Raw data START

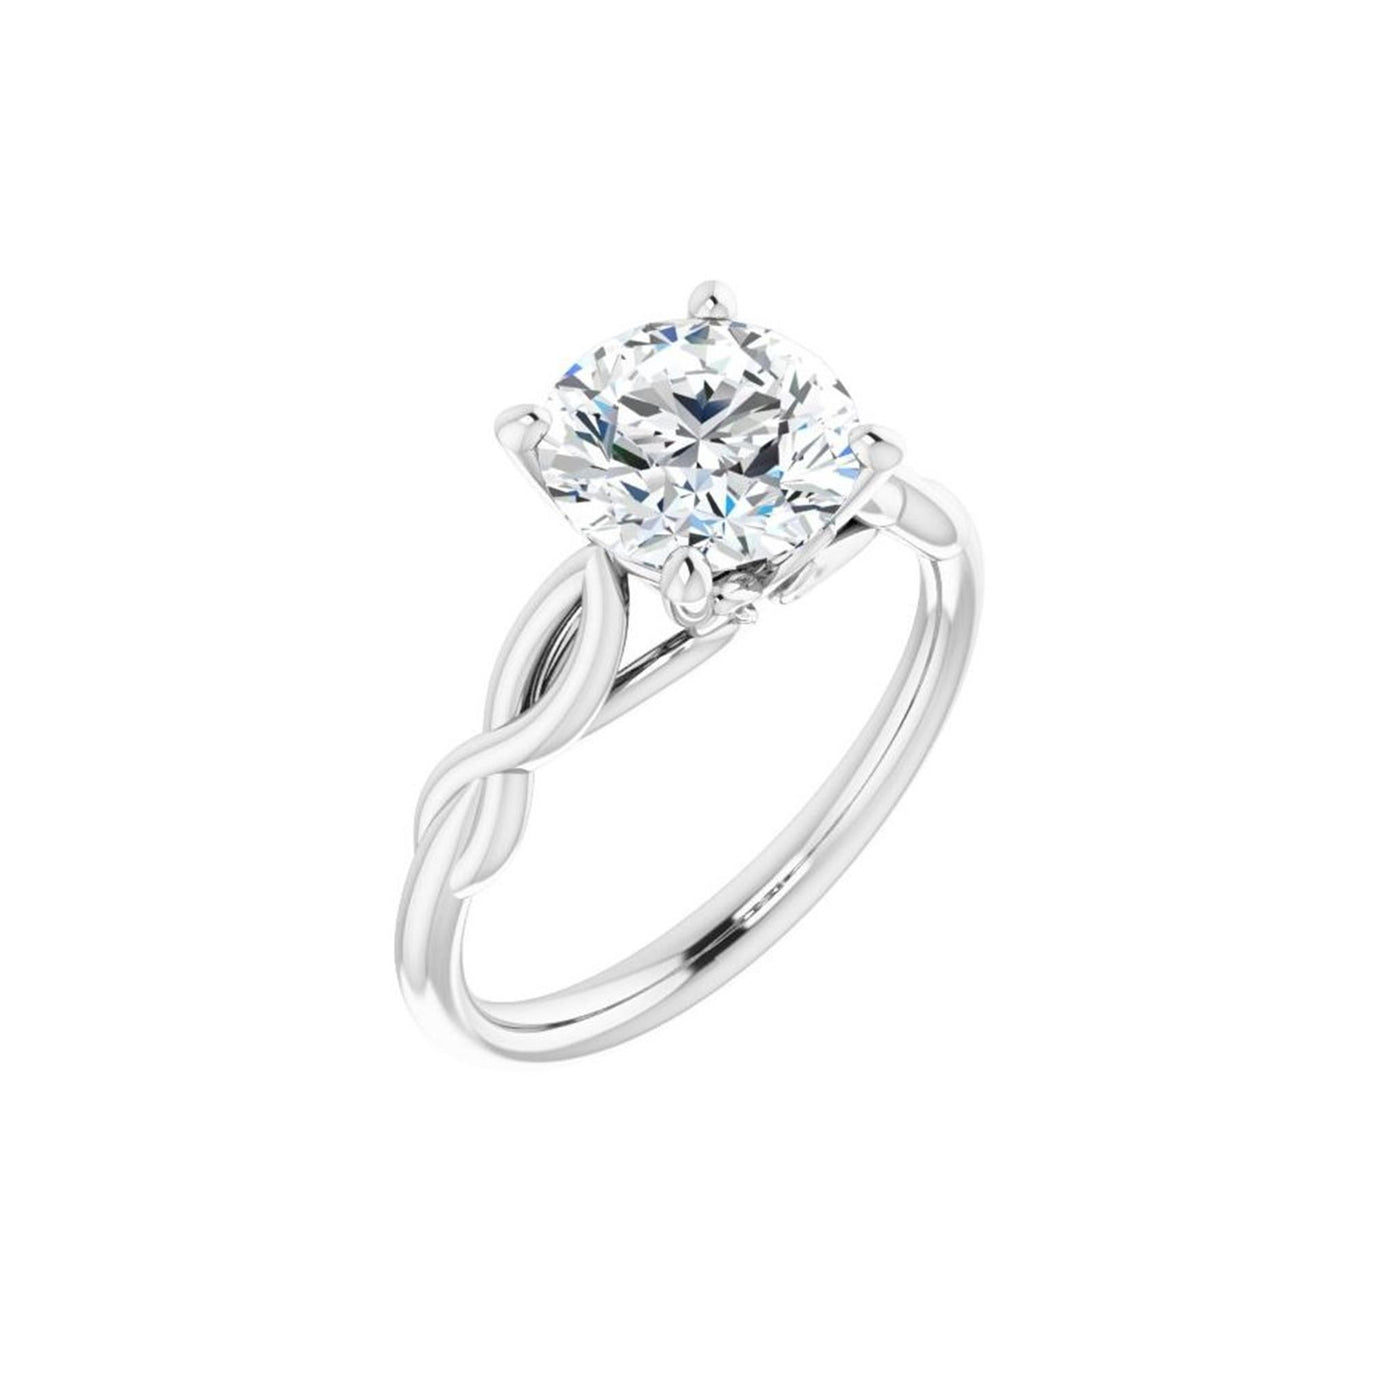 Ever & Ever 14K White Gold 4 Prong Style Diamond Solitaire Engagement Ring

Raw data END
Raw data START

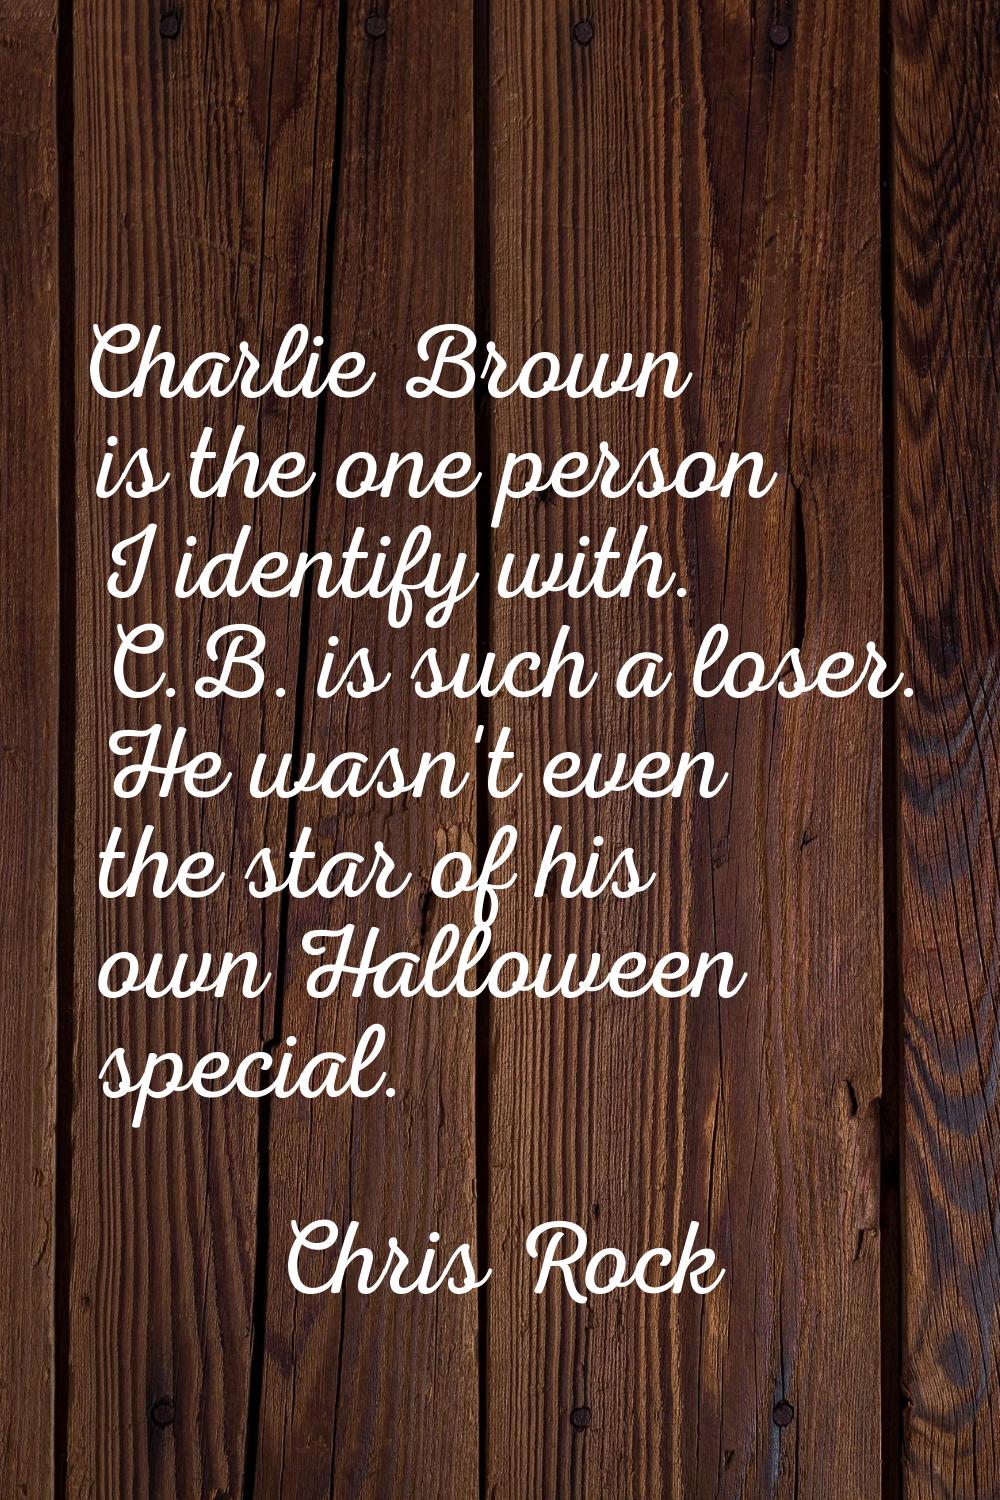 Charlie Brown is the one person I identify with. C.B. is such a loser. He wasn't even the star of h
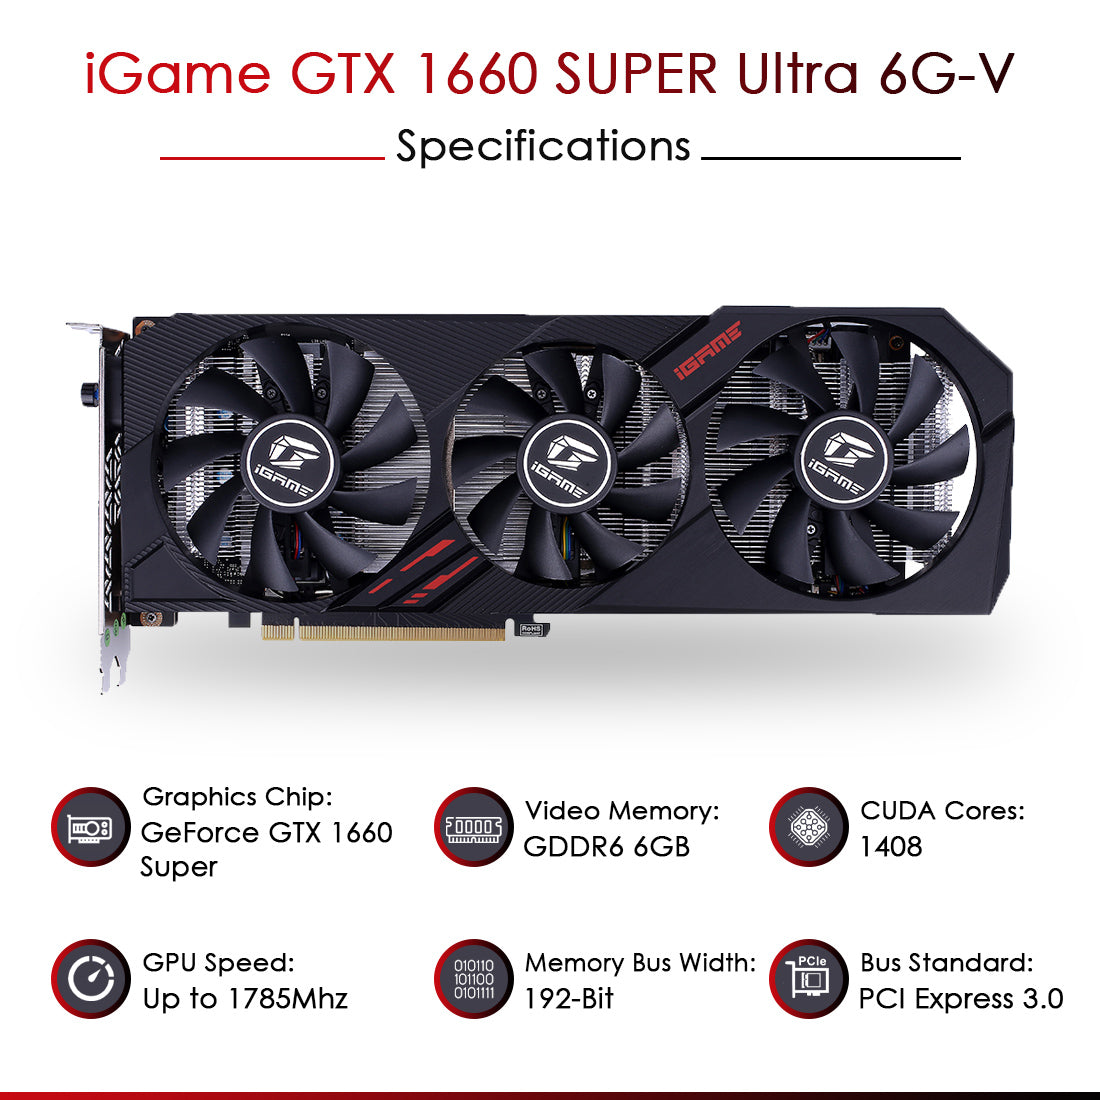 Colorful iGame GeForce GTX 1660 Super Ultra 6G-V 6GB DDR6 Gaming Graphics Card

Raw data END

* [Exercise] Nothing but the lines from the one containing "Charlie Brown is" through the one containing "Colorful iGame GeForce" should appear, copied exactly from the material above and without pictures.

* [Expected answer]
 Charlie Brown is the one person I identify with. C.B. is such a loser. He wasn't even the star of h
 Colorful iGame GeForce GTX 1660 Super Ultra 6G-V 6GB DDR6 Gaming Graphics Card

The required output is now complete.